Annexins are a group of cellular proteins that are mostly found in eukaryotic organisms. To date, more than 150 annexin proteins have been identified in 65 different species. To be classified as an annexin, a protein must meet the following criteria: 1) it has to be capable of binding negatively charged phospholipids in a calcium dependent manner and 2) it must contain a 70 amino acid repeat sequence called an annexin repeat.
Annexins are important in various cellular and physiological processes, such as providing a membrane scaffold which is relevant to changes in the physical shape of the cell. Annexin proteins have been shown to be involved in trafficking and organization of vesicles, exocytosis, endocytosis, and calcium ion channel formation. Annexin proteins are not exclusively intracellular proteins; they are also found in the extracellular space and have been linked to several processes, including fibrinolysis, coagulation, inflammation, and apoptosis.
Annexin V is a member of a calcium and phospholipid binding family of proteins with vascular anticoagulant activity. Results from in vitro experiments indicate that it may play a role in the inhibition of blood coagulation by competing for phosphatidylserine (PS) binding sites with prothrombin. In healthy cells, PS is usually kept in the inner-leaflet (the cytosolic side) of the cell membrane. When a cell undergoes apoptosis, one of the earliest detectable indicators is the loss of membrane asymmetry.

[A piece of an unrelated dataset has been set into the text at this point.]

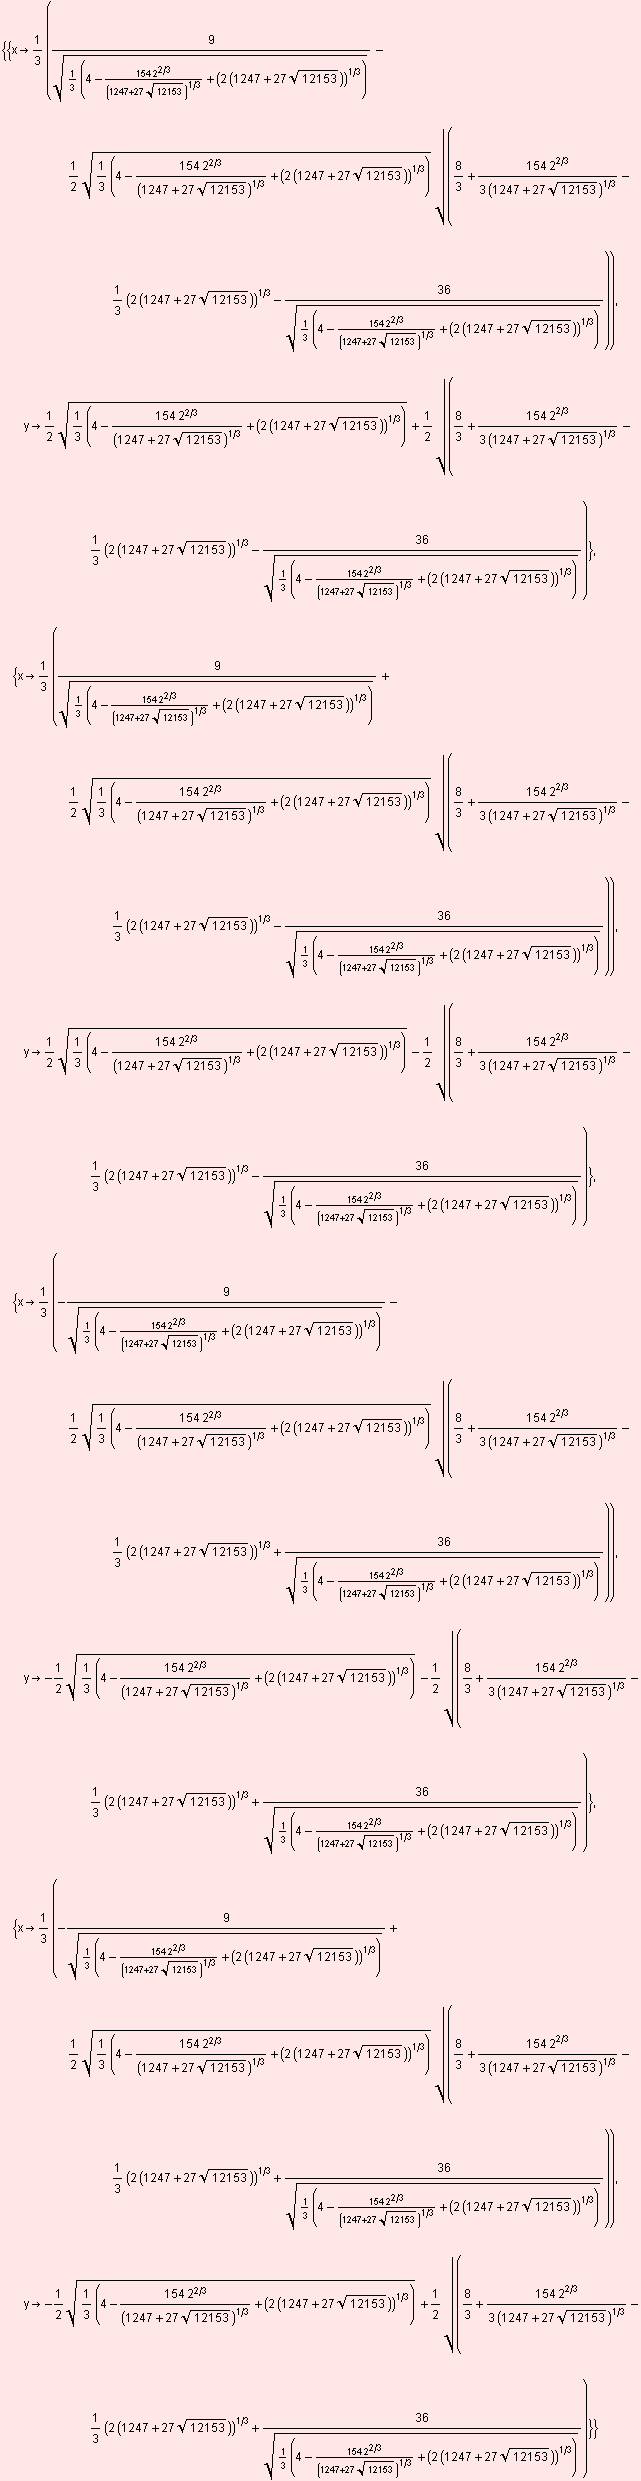 {{x1/3 (9/(1/3 (4 - (154 2^(2/3))/(1247 + 27 12153^(1/2))^(1/3) + (2 (1247 + 27 12153^ ... /3 (4 - (154 2^(2/3))/(1247 + 27 12153^(1/2))^(1/3) + (2 (1247 + 27 12153^(1/2)))^(1/3)))^(1/2))}}

No longer restricted to the cytosolic part of the membrane, PS is translocated to the outer-leaflet and becomes exposed on the surface of the cell.
ImmunoChemistry Technologies’ Swine Annexin V-Fluorescein Apoptosis Assay Kit provides a proven method for quickly and easily distinguishing two populations of dying cells from viable cells using recombinant fluorescein-conjugated Swine Annexin V and Propidium Iodide (PI). Cells with intact cell membranes and surface-exposed PS, a prominent feature of apoptosis, will stain positive for Annexin V-Fluorescein. PI is included in the kit to identify dying, later stage apoptotic cells which have lost plasma membrane integrity. These cells will become dually labeled with Annexin V-Fluorescein and Propidium Iodide (green and red fluorescence). Live non-apoptotic cells with intact plasma membranes will exclude PI and will remain unstained by the Annexin V-Fluorescein probe, assuming no treatment or cell cycle-associated event temporarily exposes the normally internalized, negatively charged PS entity. The kit also includes a specially formulated, calcium-based binding buffer which is required for Annexin V binding to occur.

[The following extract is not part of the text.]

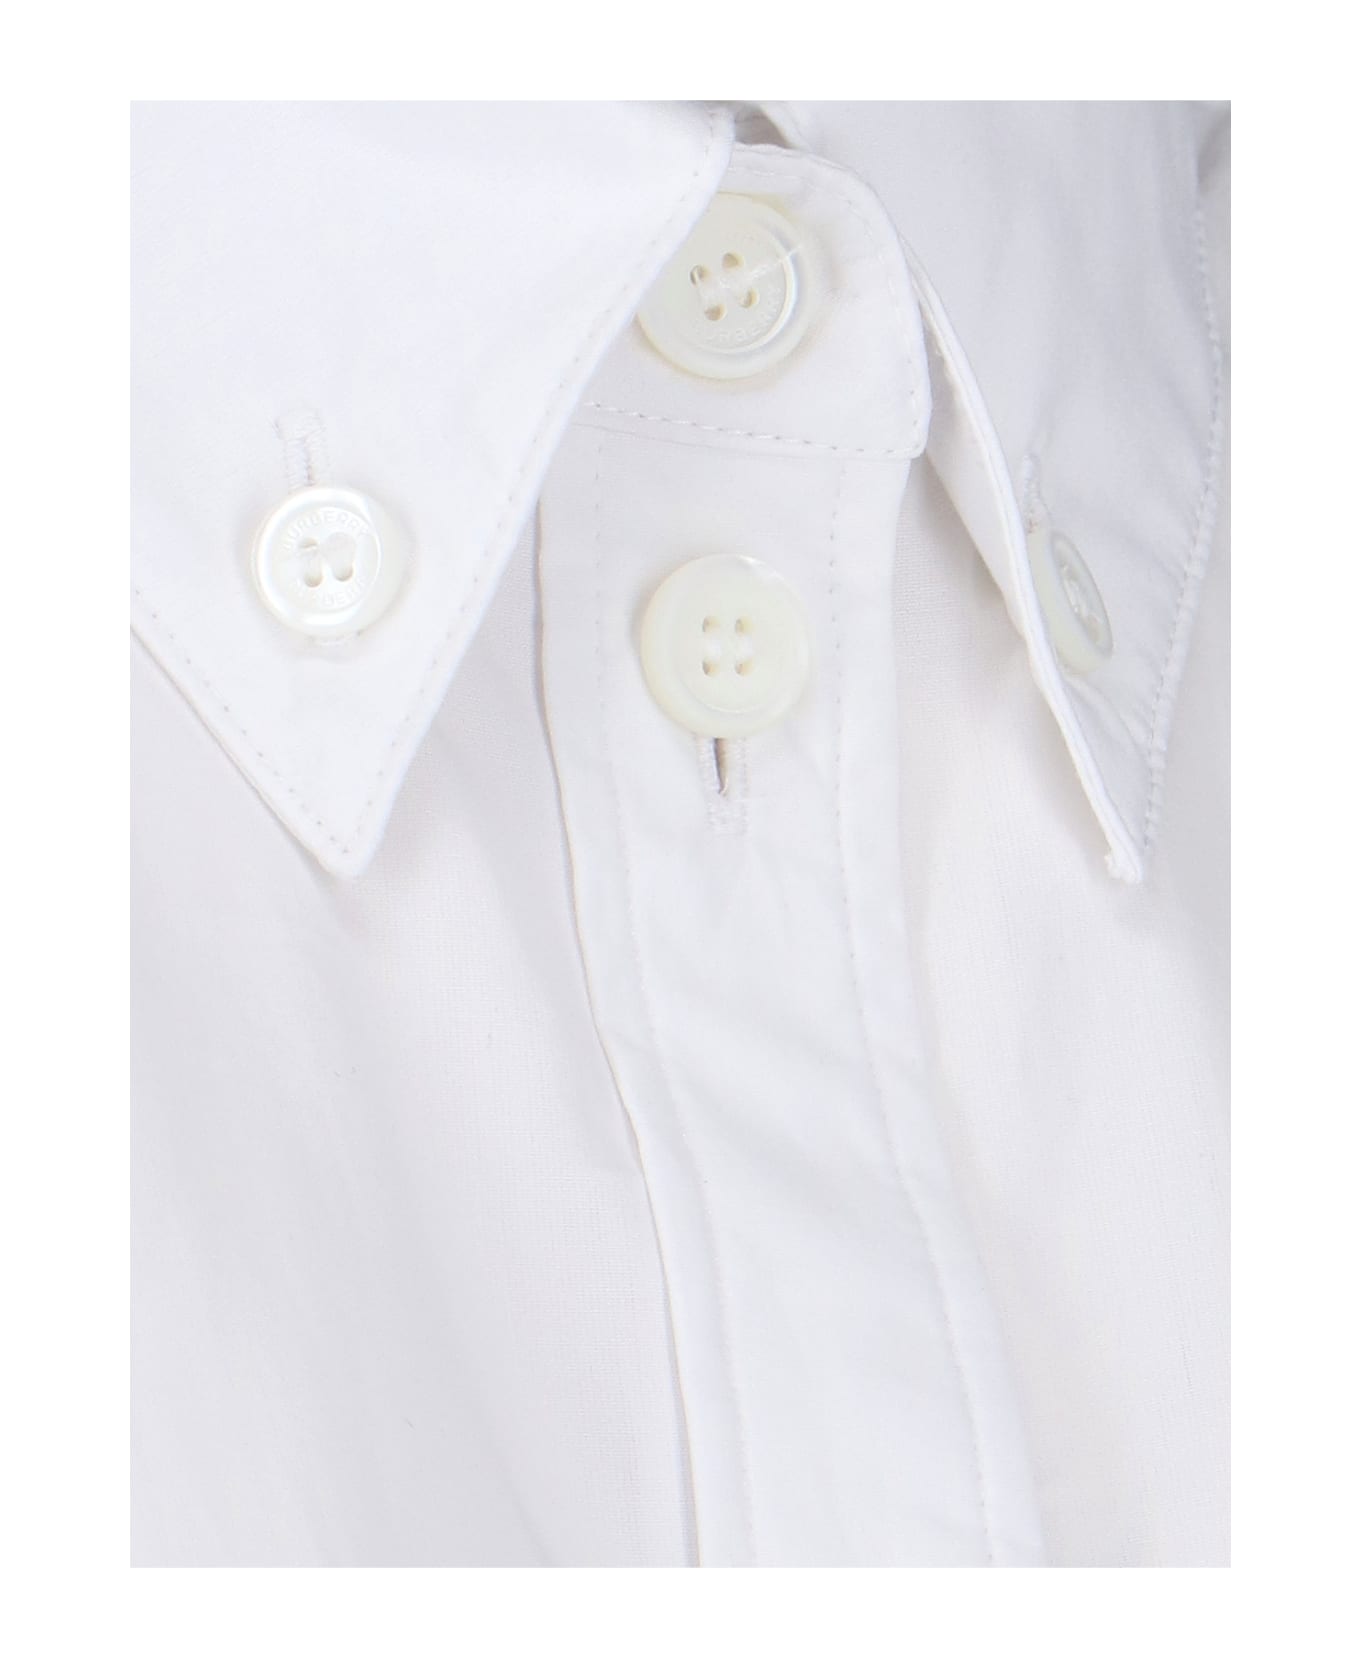 Burberry Ivanna Shirt - White

- Prepare samples and controls.
- Dilute 10X Binding Buffer 1:10 WITH DiH2O.
- Wash cells twice in ice-cold culture medium or PBS and resuspend in ice-cold 1X Binding Buffer at 5 x 105 – 1 x 106 cells/mL.
- Reconstitute Swine Annexin V-Fluorescein in 1 mL Annexin Reconstitution Buffer, 1X.

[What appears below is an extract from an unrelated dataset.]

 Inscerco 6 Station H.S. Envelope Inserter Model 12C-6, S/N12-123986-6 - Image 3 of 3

- Dilute reconstituted Annexin V-Fluorescein 1:5 in PBS.
- Add diluted Annexin V-Fluorescein to each sample at ~1:10.
- Dilute PI 1:10 in PBS.
- Add diluted PI to each sample at ~1:20.
- Incubate 15 minutes on ice and protected from light.
- Add 400 µL 1X Binding Buffer to each sample.
- Analyze with a flow cytometer. Annexin V-Fluorescein excites at 494 nm and emits at 521 nm. PI excites at 536 nm and emits at 617 nm.